Sitting in a coffee shop wrapped in our scarves, and laughing over old memories. That’s hygge. Walking beneath the lights of Tivoli garden in the late evening. That’s hygge too. Hygge doesn’t exactly translate from Danish into English, but most people equate it with being “cozy,” although, it reaches a little deeper than that. Hygge is pronounced like “Hue-ga,” but Emily was under the impression is was pronounced like “hoog-ly.” So for three days in Copenhagen, we made it our mission to experience as much hygge as possible, and proclaiming “This is so hooglie” for basically everything we did. We wanted to wear our most hygge scarves, eat at the most hygge cafes, I even made my meal choices based on what seemed like the “hooglie” thing to do.
What exactly is hygge though? And “how can a feeling being a city highlight?” (Thanks to Lonely planet for that quote, which we found hilarious. But I will note that hygge was, indeed, the city highlight.) Like I said, hygge is most closely translated to cozy, but it goes beyond that. Hygge season extends from autumn through winter, peeking during the Christmas holiday season. It involves friends, family, and care-free conversation.

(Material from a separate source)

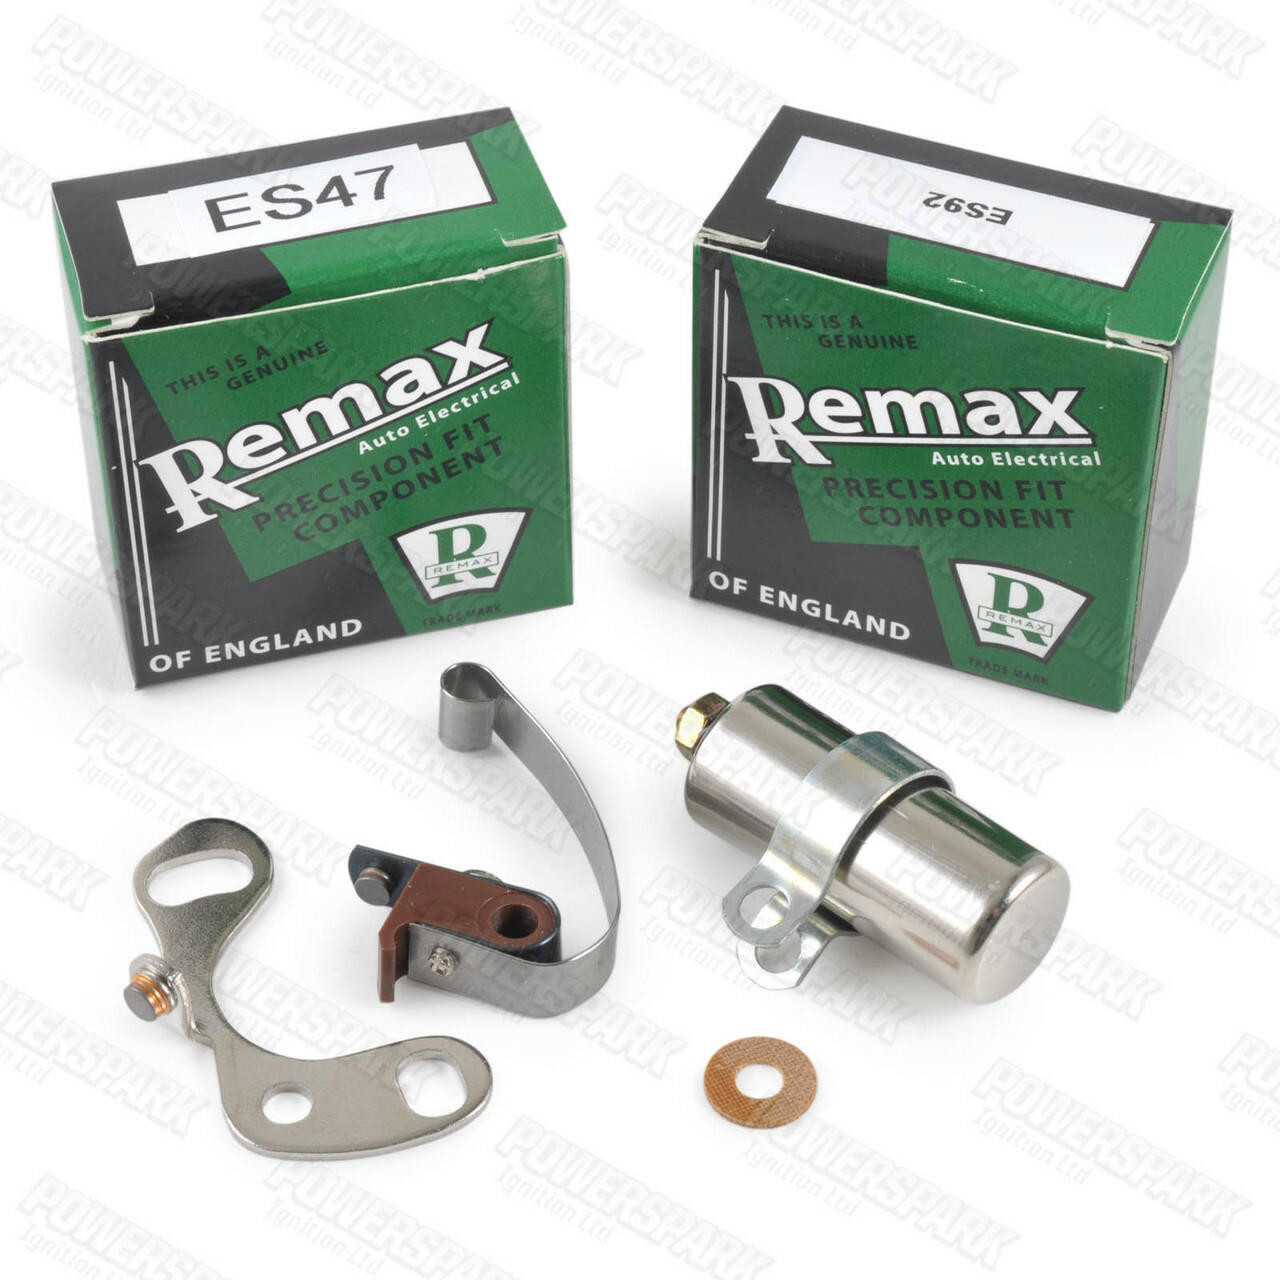 Remax Remax branded Lucas DK2 DK2A DK4 DK4A DK6 DK6A DKH4 Points and Condensor

Here are the most hygge activities we did:
Everyone in Copenhagen bikes as the main form of transportation. We decided to do like th locals and rent some bikes to better see the city.

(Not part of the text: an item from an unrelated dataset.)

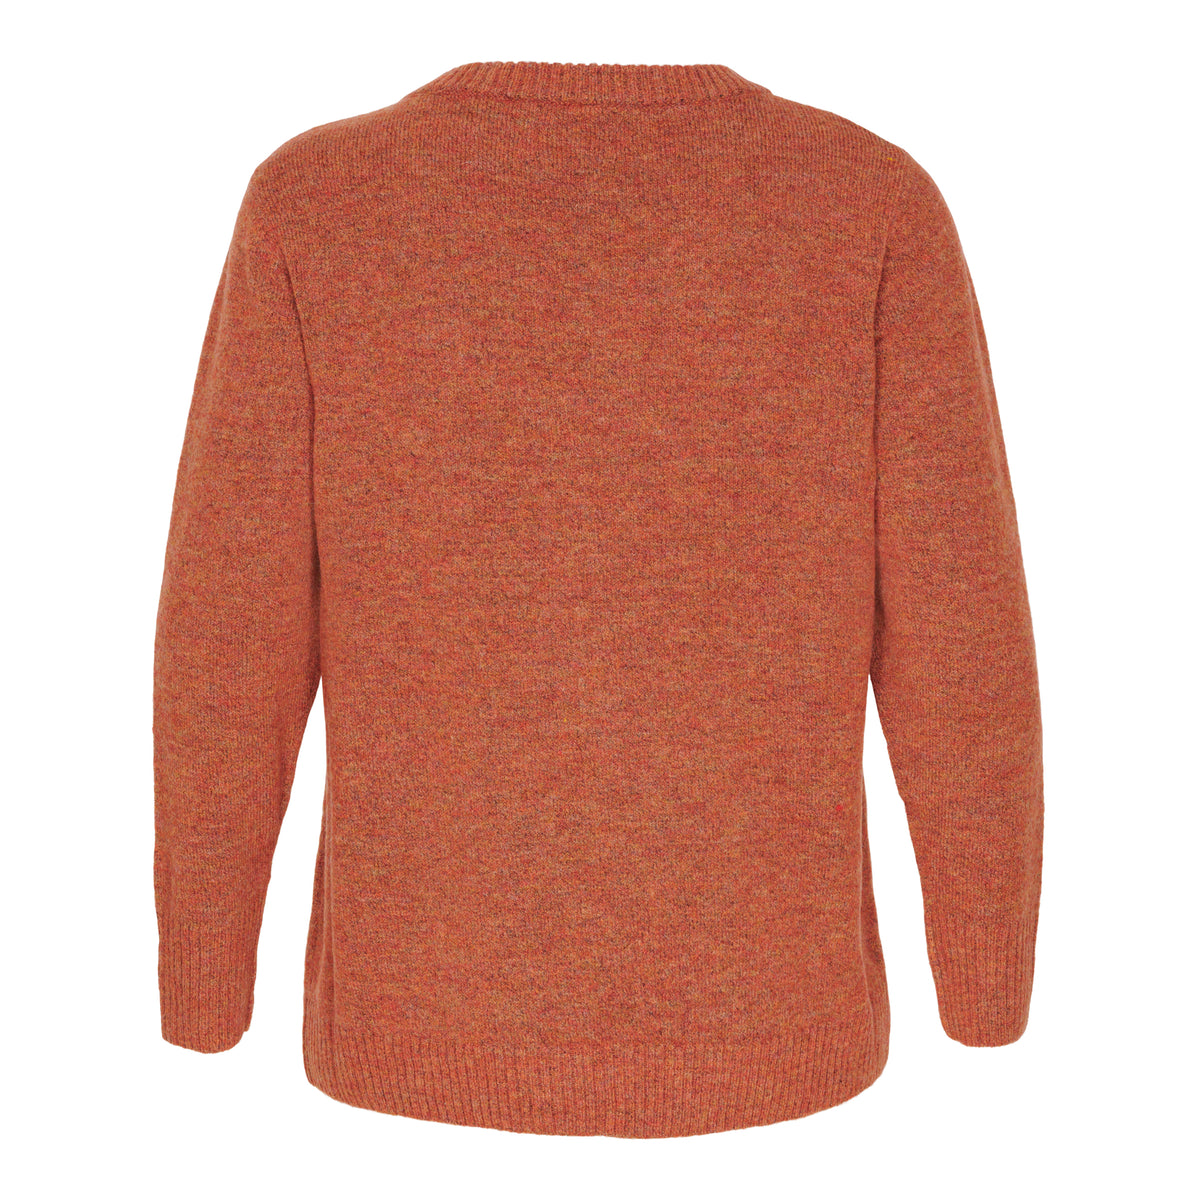 NO. 1 BY OX Finstrikket sweater Sweaters Brun

La Glace is Copenhagen’s oldest bakery, founded in 1870. They have a large assortment of pastries and cakes. My favorite was the nougat cake, which is also their house specialty.
Tivoli is the grand champion of hygge – especially at night. Wandering, and laughing around the park underneath the lights lights of the rides with my friends, was one of the happiest experiences I had in Copenhagen. We took it to the next level with gluhwein, warm, spiced wine.
Sitting over some lattes and chatting with your friends is hygge for obvious reason.
And finally, enjoying some good wine and cheese on a relaxed evening can be hygge too.
In conclusion, it’s really a shame that we don’t have any kind of english translation for this word, but I know I will undoubtedly be adopting hygge into my vocabulary this winter.